Monday, June 13, 2011

A good example of Generative Design

Good examples of generative design are hard to come by – because there aren’t many, especially, in architecture. What is often claimed as generative design usually turns out to be designer-driven design. This is perhaps, due to the late discovery of parametric history based design by architects and perhaps the failure of design academics to define Generative Design.

An interesting example of generative design is presented by Nate Holland at the ACADIA conference as part of his research. Nate is indeed practicing generative design as his work process exploits the computers generate and search capability in exploring of design possibilities at the two vertical extremes of the building: Firstly, at ground floor to locate the best shop location and then at the top levels to orient the towers according to the best views.

Project Teaser from Nate Holland on Vimeo.

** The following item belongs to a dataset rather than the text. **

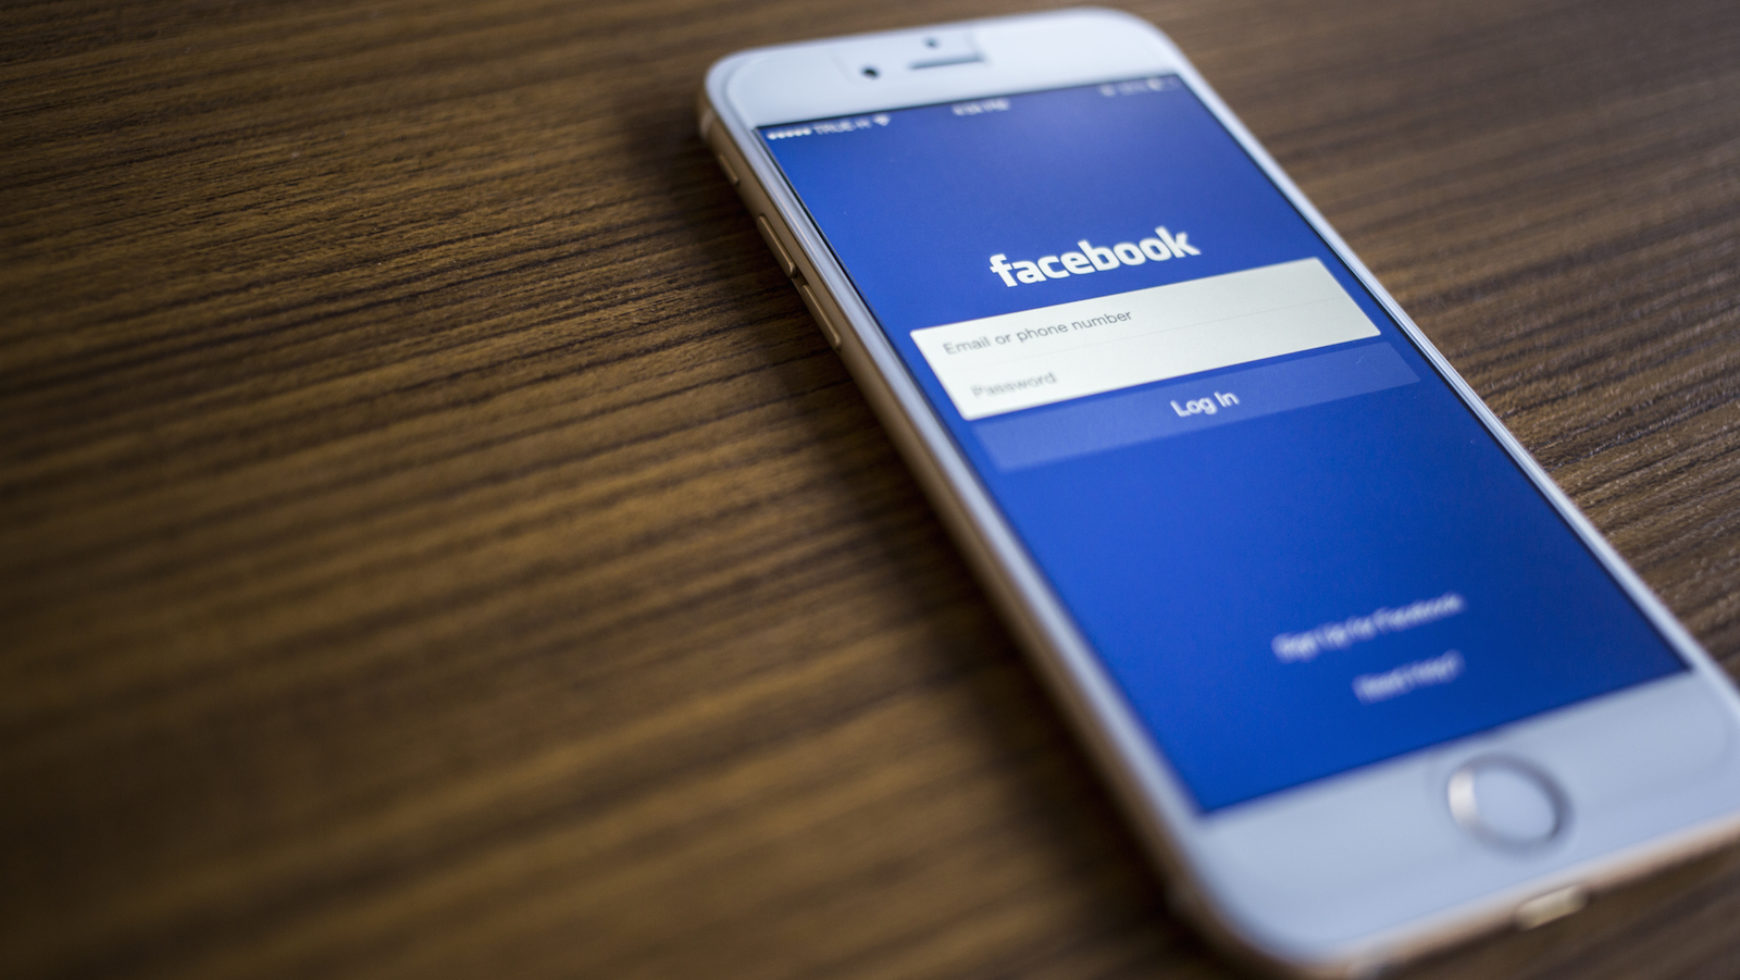 Les campagnes upsell et cross-sell de Facebook : atouts pour les entreprises

I like the equation “Profit = Revenue – Cost ” because these terms are measurable. These are terms that architects shy away from often preferring to discuss their work in illusionary terms that defy measurement. However, Economic and environmental imperatives are now making architecture much more numerically accountable. I am not proposing architecture to a numerical activity like engineering. But I think, doing so will do a lot of good for generative design; because, if all of us carry our own yardstick we will be spinning our own yarns.

The means of measuring the efficacy of design is essential for the evolution of design methods. Despite decades of academic research , the evolution of design methods have been relatively slow and is now mostly driven by the evolution of tools (CAD). Generative design will benefit greatly from the discussion on design methods moving from marketing brochures to open discussions, and that is now beginning to happen. What is the best way to layout a store in the base of a building? What is the best way to orient towers with regards to views – these are some of the important issues that Nate has addressed.

The ability to measure provides us a means to verify the efficacy of methods. Dodging it will push architecture backwards and into the hands of those who can talk about it in languages that we do not understand. The reality is that any complex design problem is a multi criteria design problem. For sure, some of these criteria will defy measurement and they should. But many need not. Cost, rentability and thermal performance are some of them. Generative design is likely to prove its efficacy in these areas. Nate’s attempt to build in evaluatory criteria into design exploration are certainly in the right direction.